Shades of Twilight
"Then, and later, until-until I was seventeen." Until Jessie died, she meant, but she didn't say it. "I was always afraid that if I didn't measure up, I'd be sent away."
"That would never have happened," he said firmly.
"This is your home. Lucinda wouldn't have made you leave." She shrugged.
"They were talking about it. Lucinda and Jessie, that is. They were going to send me away to college. Not just to Tuscaloosa; they wanted me to go to some women's college, in Virginia, I think. It was someplace far enough away that I couldn't come home regularly."
"That wasn't why." He sounded shocked. He remembered the arguments. Lucinda had thought it would be good for Roanna to be away from them, force her to mature, and Jessie, of course, had egged her on. He saw now that, to Roanna, it must have seemed that they didn't want her around.
"That's what it sounded like to me," she said.
"Why did it change when you were seventeen? Was it because Jessie was dead and wasn't there to keep bringing up the subject?"
"No." That remote look was still in her eyes.
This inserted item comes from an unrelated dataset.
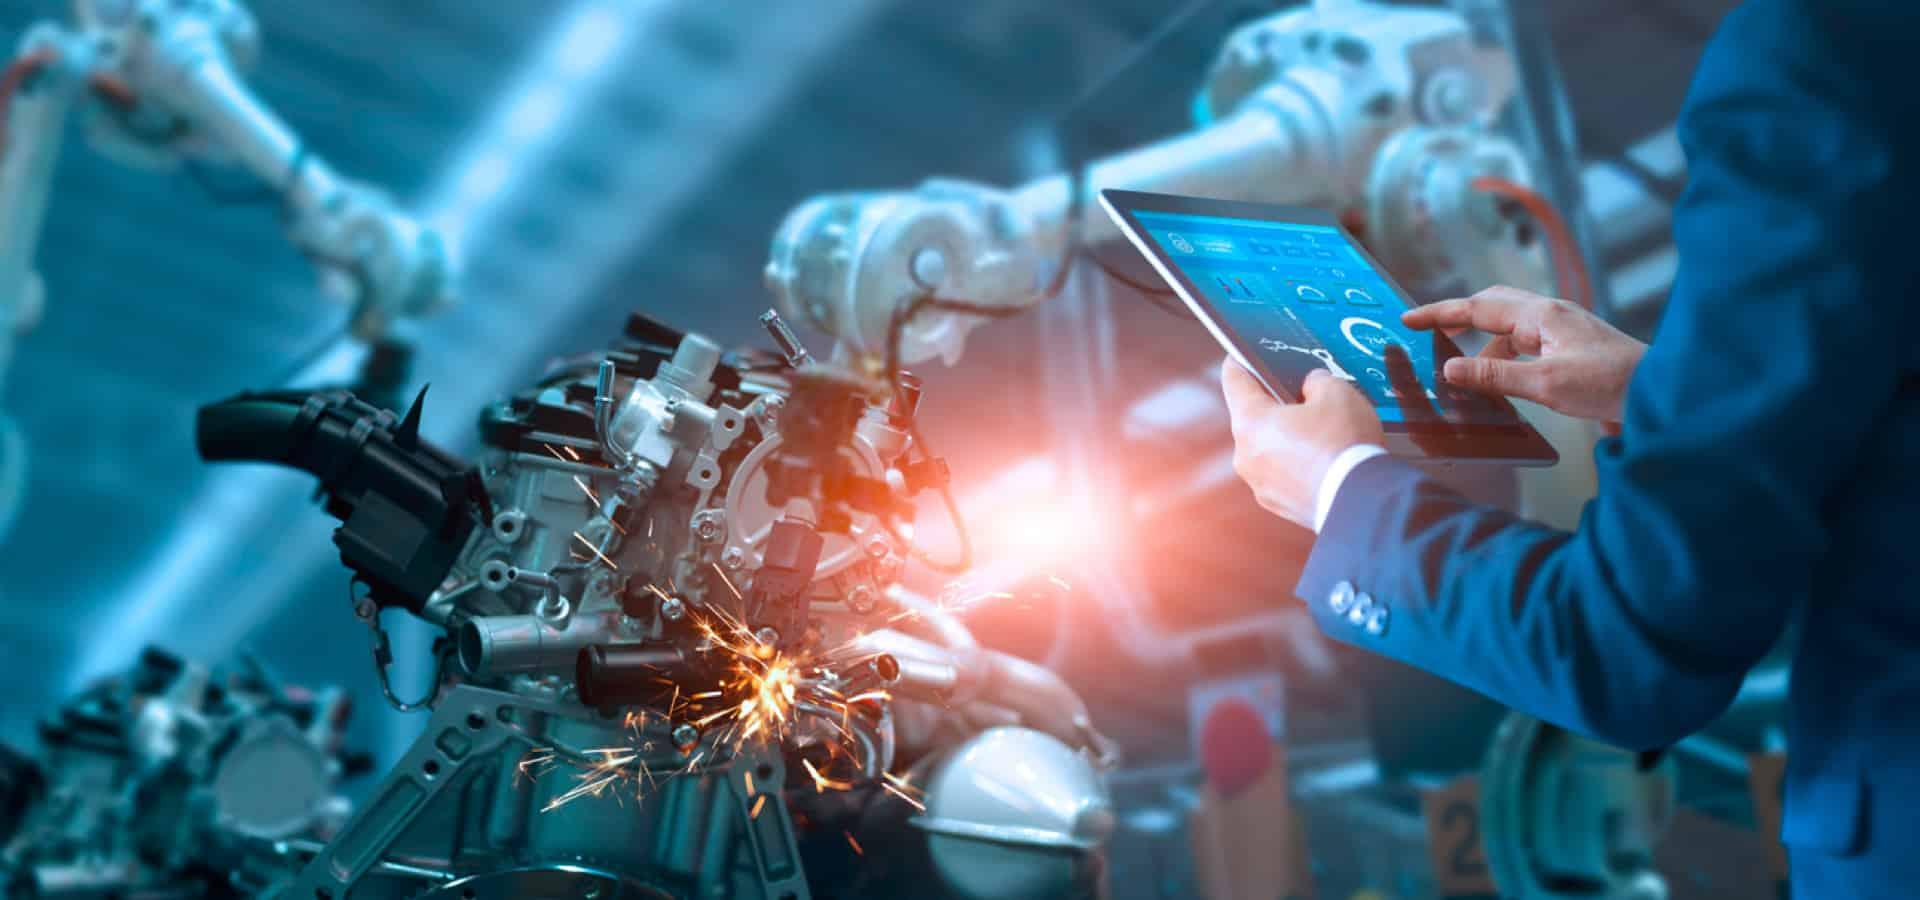 Clitec Anwendungen in der Industrie
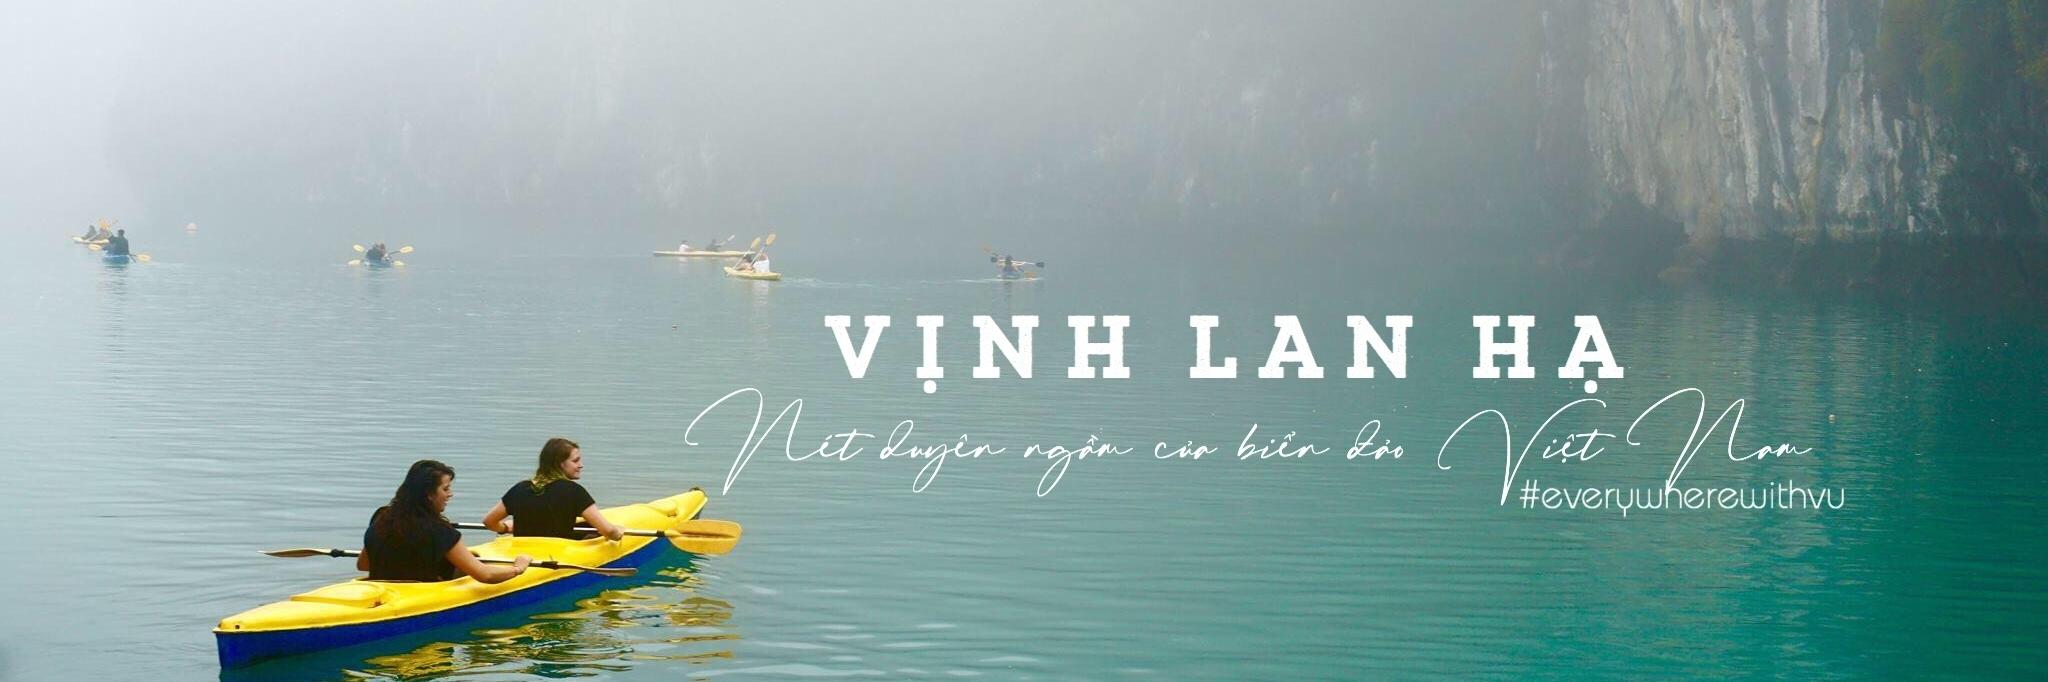 https://gody.vn/blog/phuocvu23089146/post/vinh-lan-ha-net-duyen-ngam-bien-dao-viet-nam-5536

"It was because I didn't care anymore. Going away seemed like the best thing to do. I wanted to get away from Davencourt, from people who knew me and felt sorry for me because I wasn't pretty, because I was clumsy, because I was so socially graceless." Her tone was matter-of-fact, as if she were discussing a menu.
"Hell," he said wearily.
"Jessie made a career out of making you miserable, didn't she? Damn her. It should be against the law for people under the age of twenty-five to get married. I thought I was king of the mountain when I was in my early twenties, so damn sure I could tame Jessie and turn her into a suitable wife-my idea of suitable, of course. But there was something missing in Jessie, maybe the ability to love, because she didn't love anyone. Not me, not Lucinda, not even herself. I was too young to see it, though." He rubbed his forehead, remembering those last horrible days after her murder.
"Maybe she did love someone, though. Maybe she loved the man whose baby she carried. I'll never know."
Roanna gasped, shock running through her. She turned to face him.
"You knew about him?" she asked incredulously. Webb straightened away from the railing, his gaze sharpening.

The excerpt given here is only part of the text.